━━ Given material

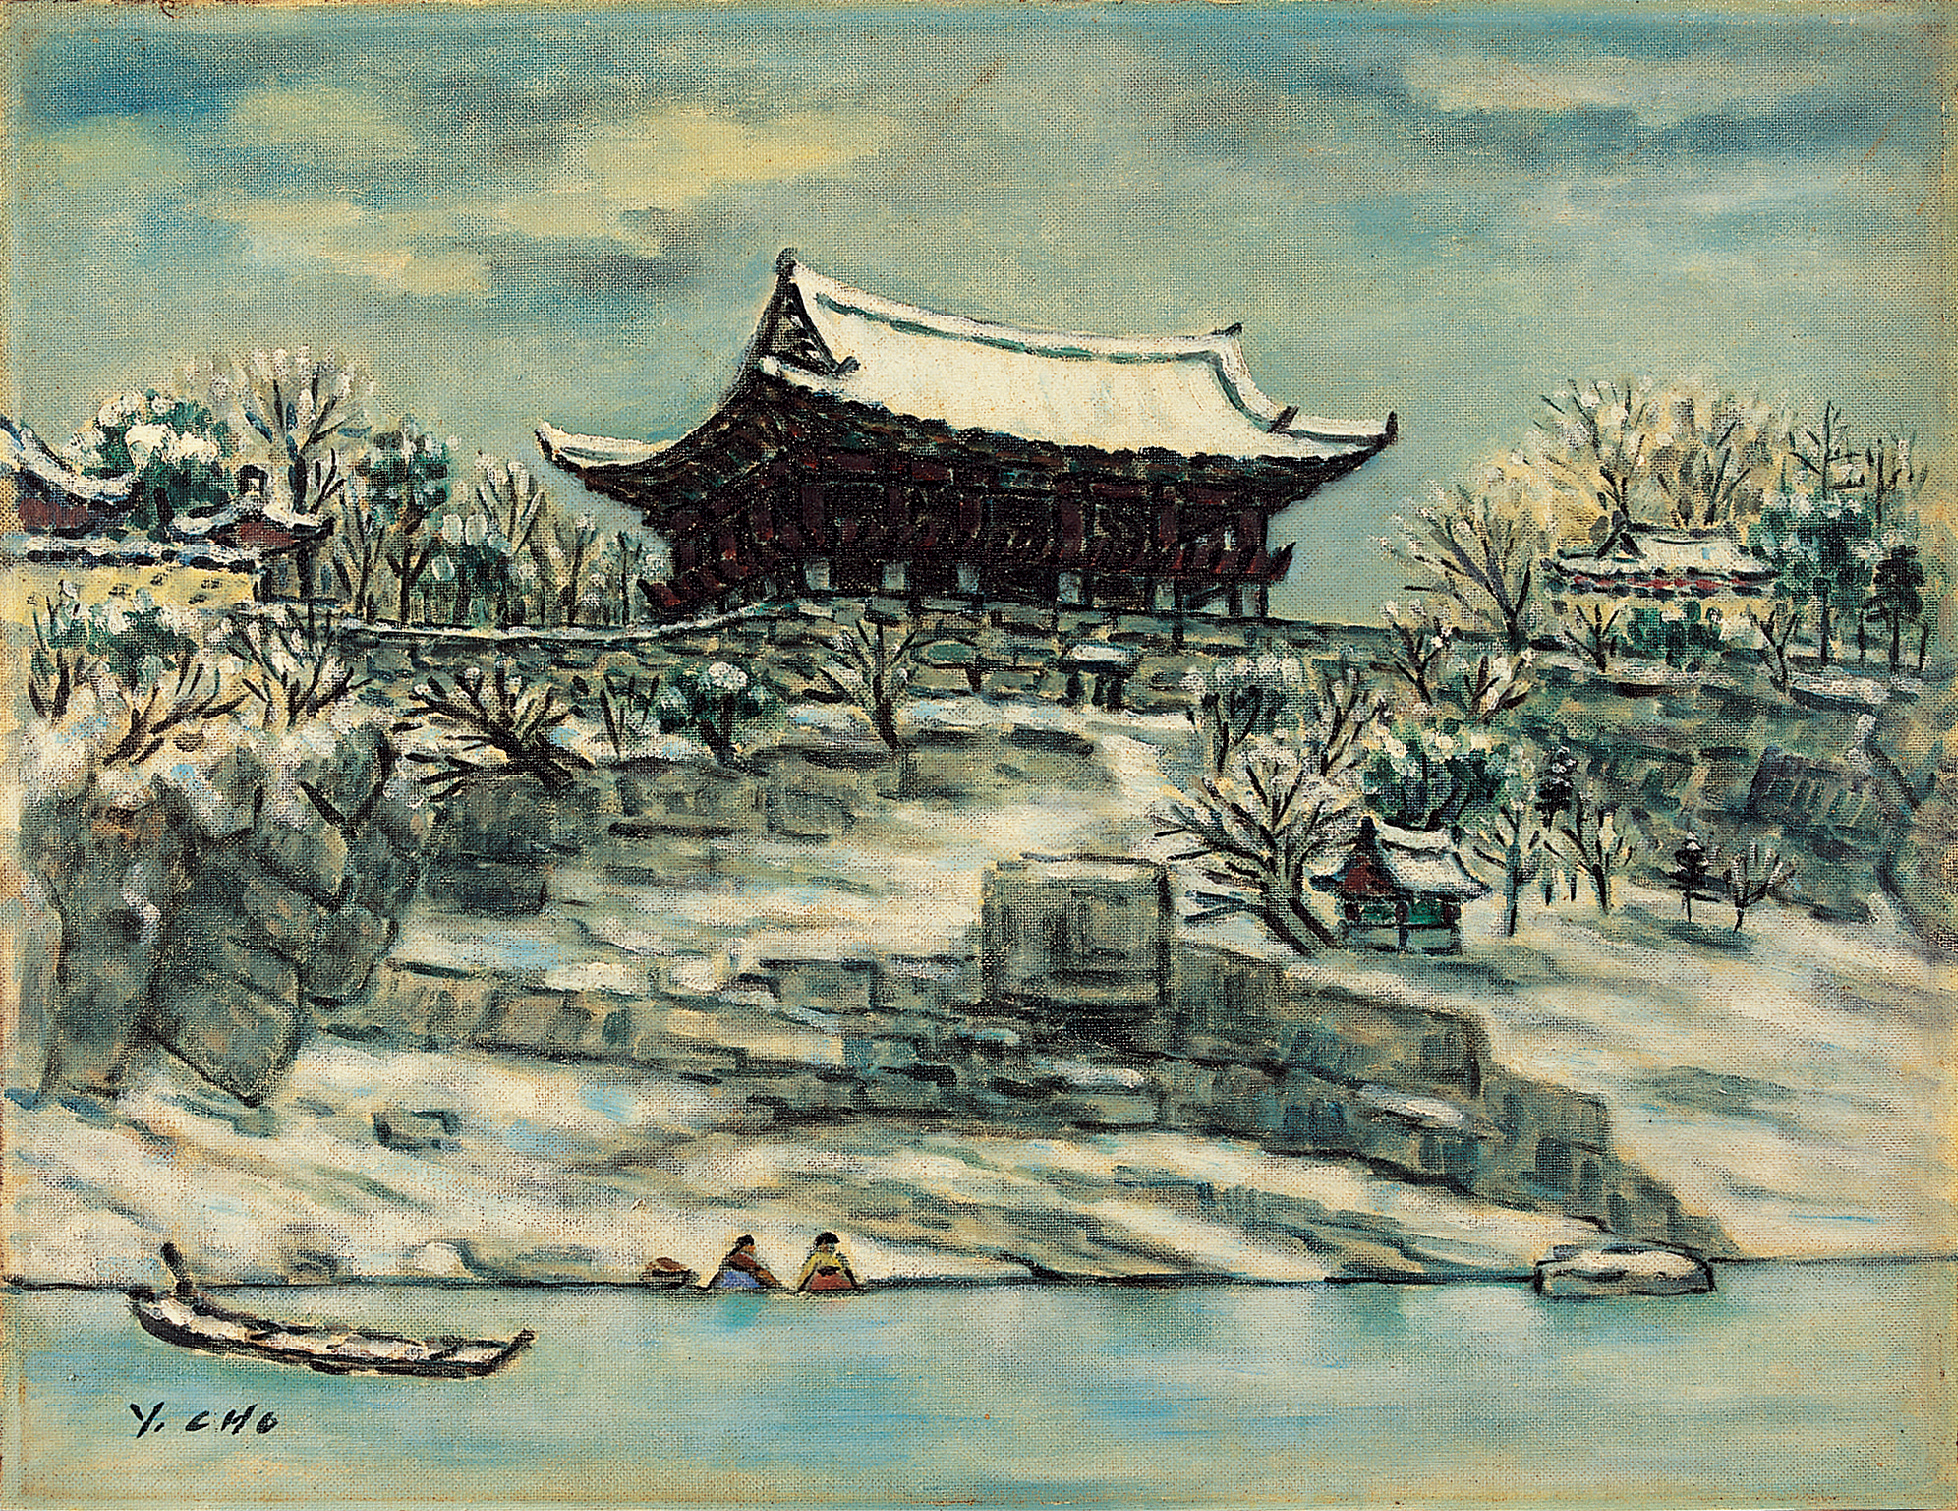 조영제,촉석루-겨울,1950년대,캔버스에유채,48×63.5cm복사.jpg
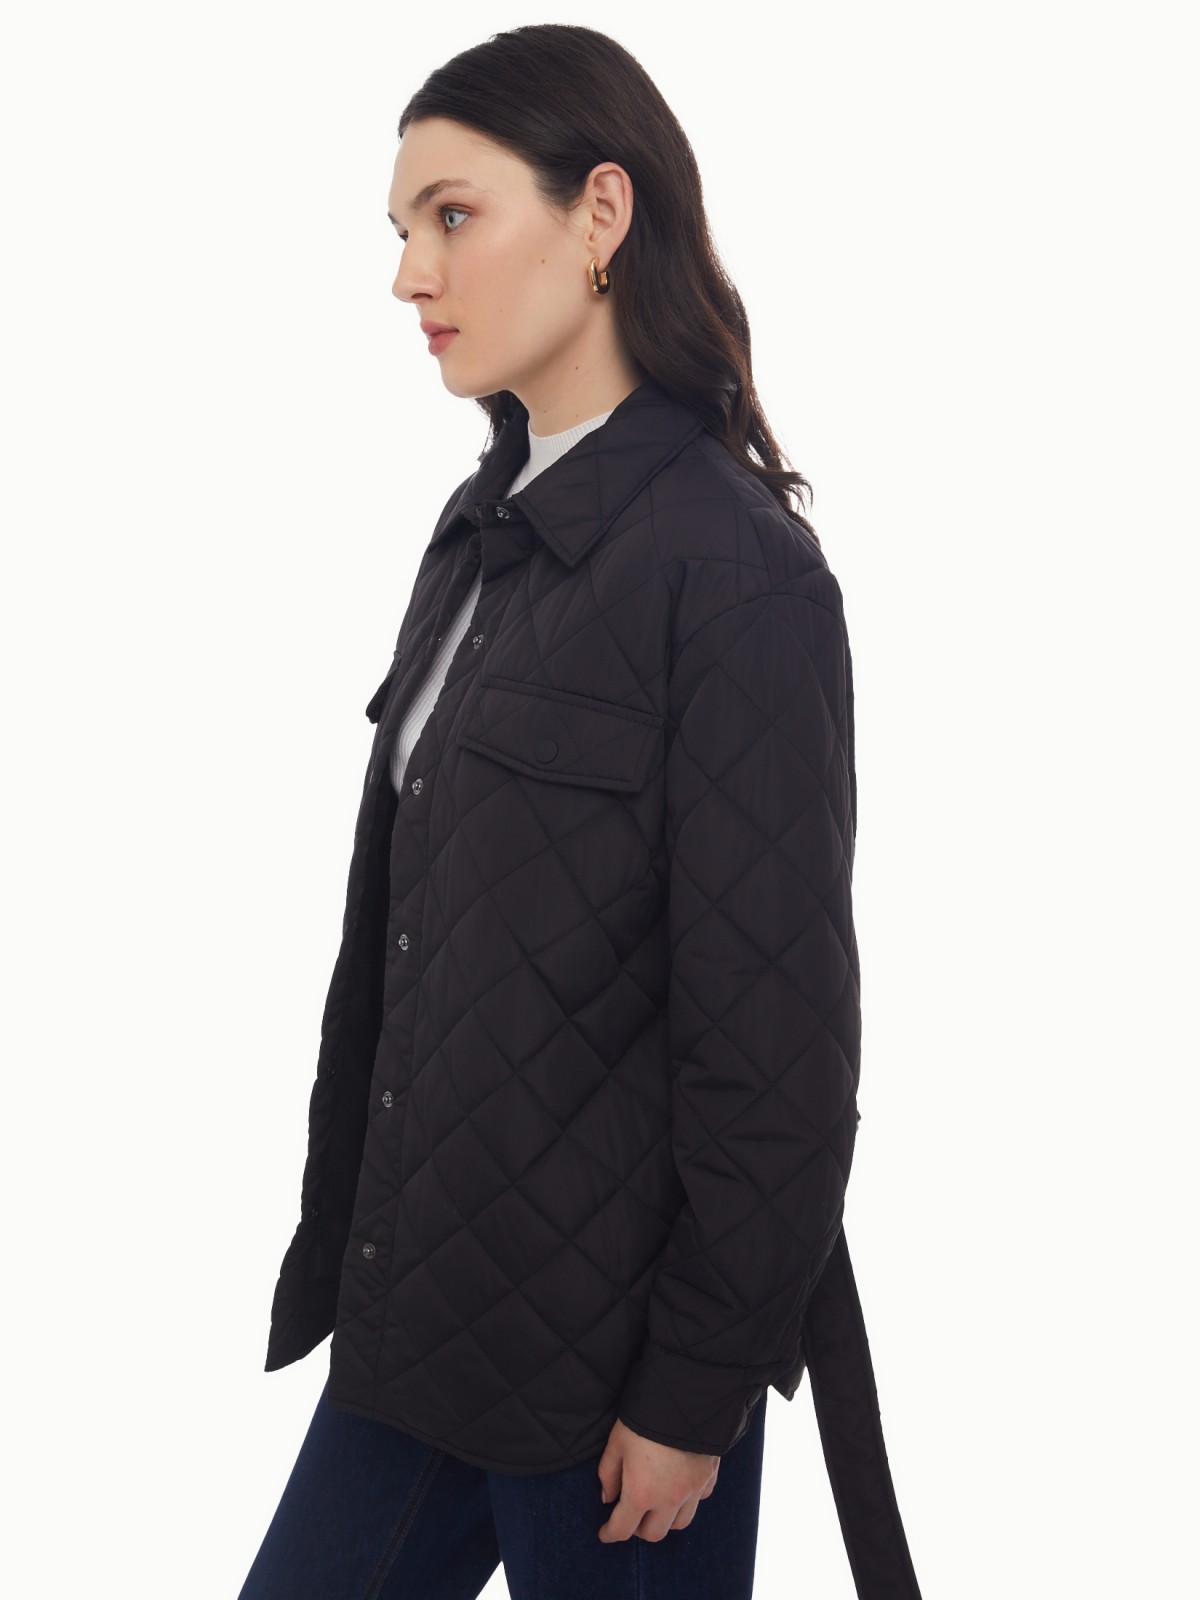 Утеплённая стёганая куртка-рубашка на синтепоне с поясом zolla 024135102134, цвет черный, размер XS - фото 4
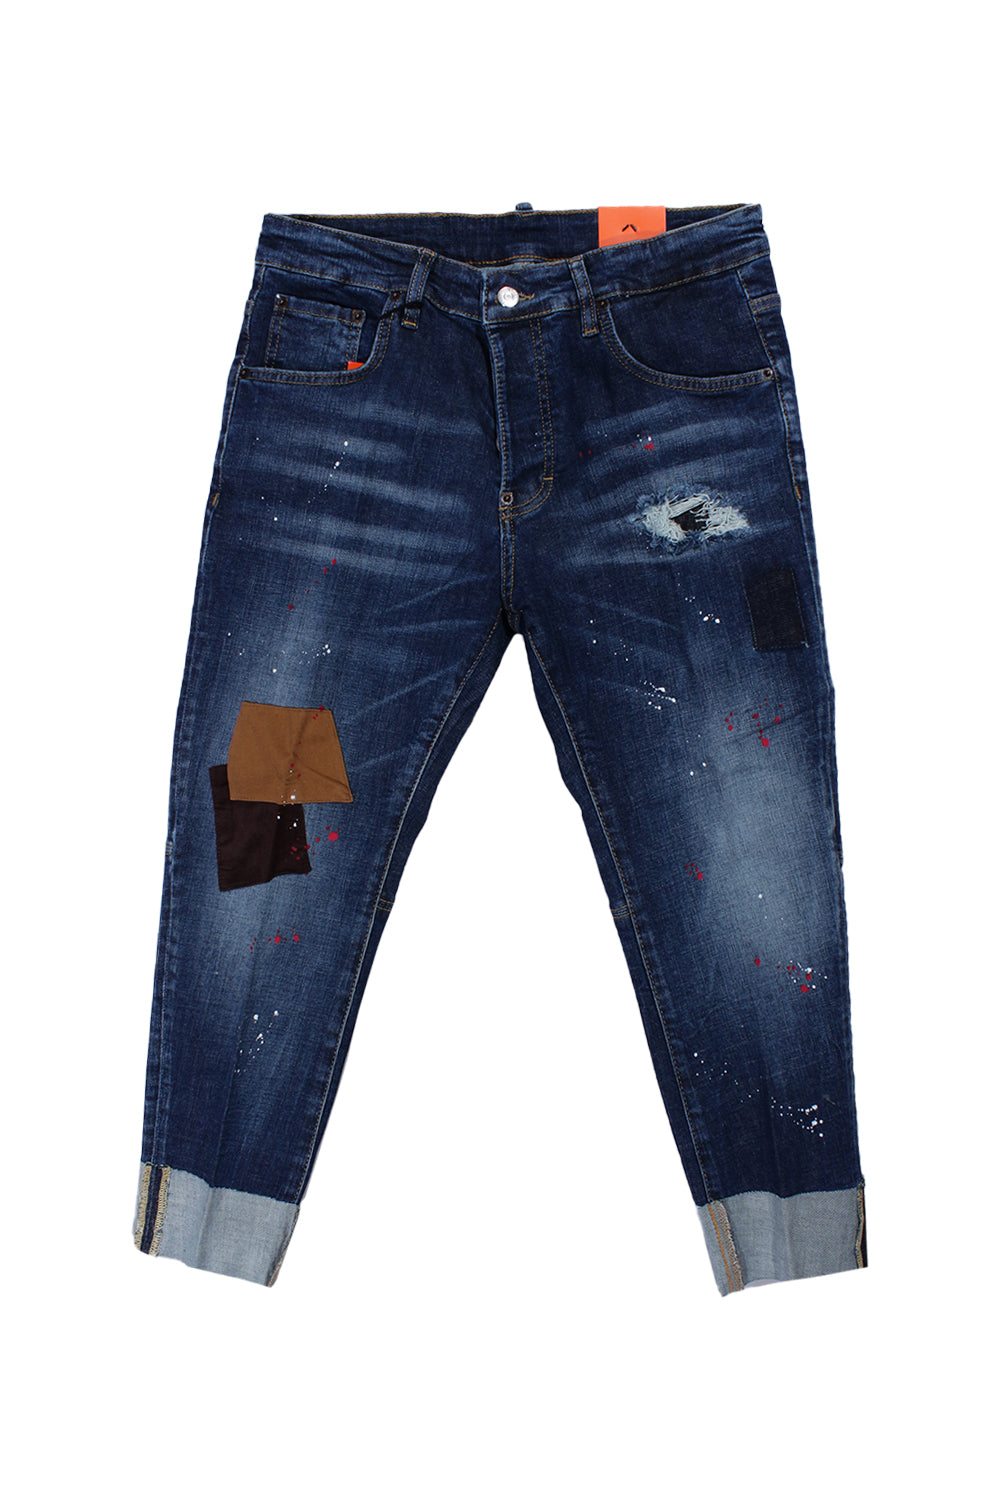 Marcoric Jeans Model E 2299

━━━━

== What you will do ==
Repeat the listing in full and exactly. Do not include any images.

== Final answer ==
 조영제,촉석루-겨울,1950년대,캔버스에유채,48×63.5cm복사.jpg
 Утеплённая стёганая куртка-рубашка на синтепоне с поясом zolla 024135102134, цвет черный, размер XS - фото 4
 Marcoric Jeans Model E 2299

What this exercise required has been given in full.